List steps 1 through 7 of the events of synaptic transmission:
- The impulse reaches the synapse from the axon. Calcium channels open, and calcium ions diffuse into the pre-synaptic neurons.
- Calcium influx stimulates synaptic vesicles to move to the presynaptic membrane.
- Synaptic vesicles dump neurotransmitter substances into the synaptic cleft.
- The neurotransmitter substance diffuses across the cleft.
- The neurotransmitter substance fits into receptor sites on the postsynaptic membrane.
- An action potential is stimulated at the postsynaptic membrane, and an impulse travels down the dendrite.
- An enzyme destroys the neurotransmitter substance and clears out the synaptic cleft.
What protects the CNS?
The skull and vertebrae, the meninges, and cerebral fluid.
Cerebral fluid:
Circulates between the innermost and middle meninges of the brain. It also goes through the central canal of the spinal cord. It acts as a shock absorber and a transport medium of nutrients to the brain and waste to the blood.
The spinal cord carries _______ _______ from receptors to the brain.
sensory neurons
The spinal cord carries _____ _______ from the brain to the effector.
motor neurons
Does the spinal cord have white matter, grey matter, or both?
Both.
Dorsal roots:
Brings sensory information into the spinal cord.
Ventral roots:
Carries motor information from the spinal cord to effectors.

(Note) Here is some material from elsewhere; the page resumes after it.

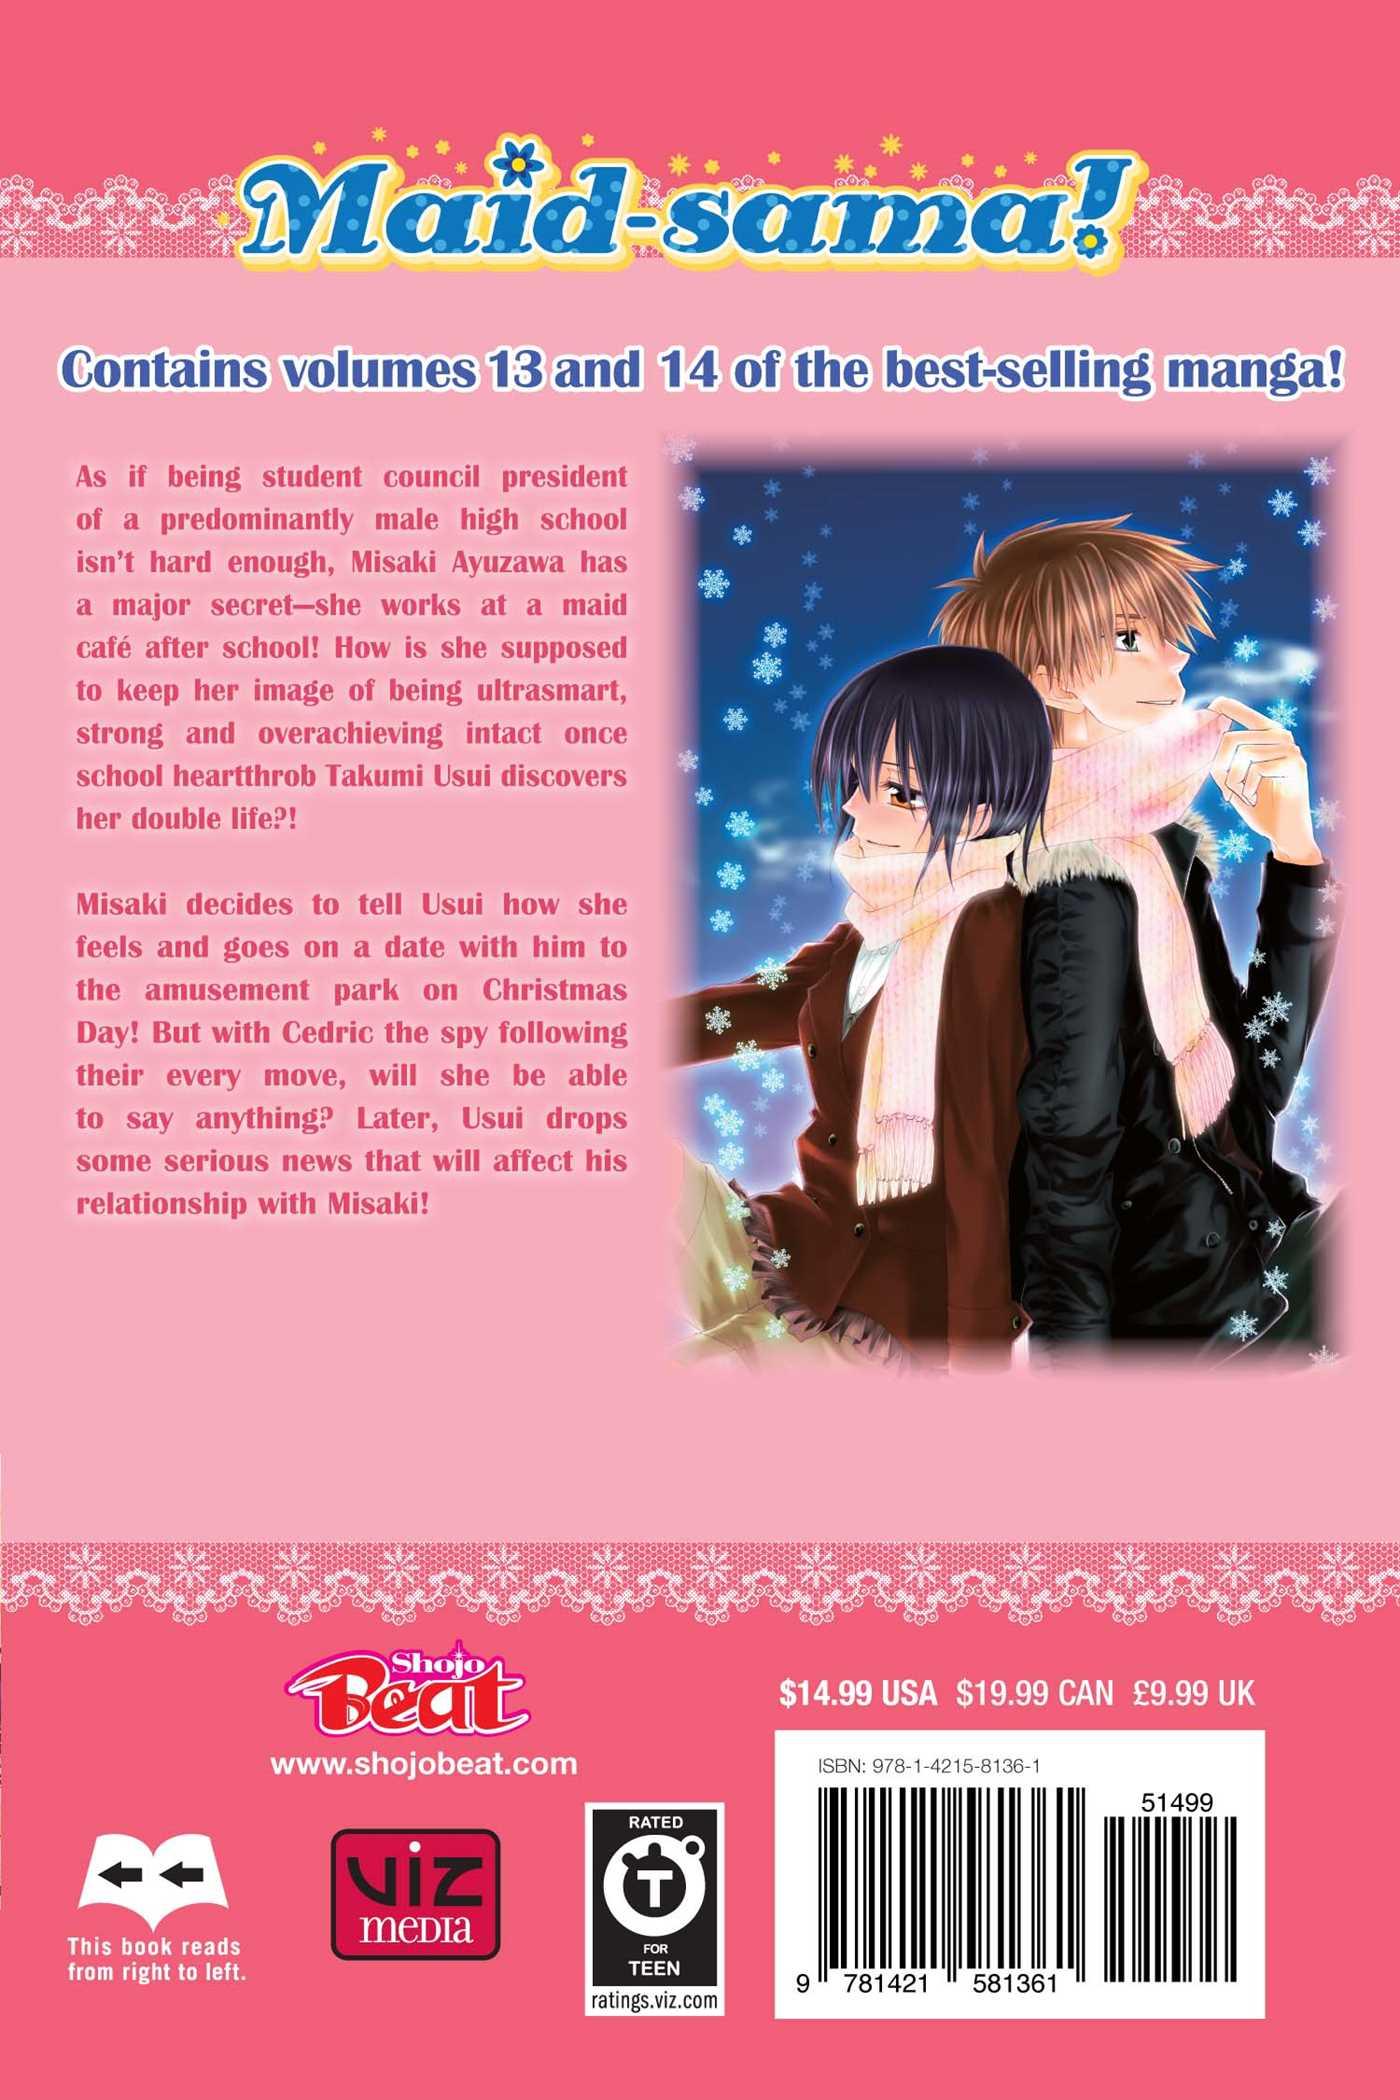 Maid-sama! 2 in 1 Edition Manga Volume 7

The brain is divided into three regions:
Forebrain, midbrain, and hindbrain.
What is the forebrain composed of?
The thalamus, hypothalamus, and cerebrum.
Thalamus:
Relays incoming information to the cerebrum. It sorts out information.
Hypothalamus:
Maintains the body’s internal equilibrium, regulates body temperature, water content, blood pressure, hunger and thirst, sex drive, mating behaviours, fight or flight response, and connects the pituitary gland in the endocrine system.
Homeostasis:
The body’s internal equilibrium.
Cerebrum:
Made of the cerebral cortex which is grey matter. It has folds called fissures to allow for more neurons. Divided into left and right hemispheres.
The right hemisphere of the cerebrum:
Visual patterns/spatial awareness and creative thought.
The left hemisphere of the cerebrum:
Verbal skills and logical thought.
Corpus callosum:
A bundle of nerves which allows the left and right hemispheres of the cerebrum to communicate.
What can cerebrum hemispheres be further divided into?
The frontal lobe, temporal lobe, parietal lobe, and occipital lobe.
Frontal lobe:
Motor control of voluntary muscles, intellectual activities, and personality.
Temporal lobe:
Vision but mostly hearing, memory, and interpretation of sensory information.
Parietal lobe:
Sensory, touch and temperature awareness, emotions, interpreting speech.
Occipital lobe:
Vision, interpreting visual information.
Midbrain:
Located below the thalamus, four spheres of grey matter, relay center for ear and eye reflexes.
Hindbrain:
Joins with the spinal cord, and contains the cerebellum, pons, and medulla oblongata.
Cerebellum:
The largest section of the hindbrain, controls limb movement, balance, muscle tone, and fine motor control.
Pons:
Passes information between the cerebellum and the medulla.
Medulla Oblongata:
Connects the CNS with PNS, controls involuntary muscle movements like breathing, swallowing, and heart rate, the coordinating center for the autonomic nervous system, motor axons cross from the mid and forebrain from one side of the CNS to the other side.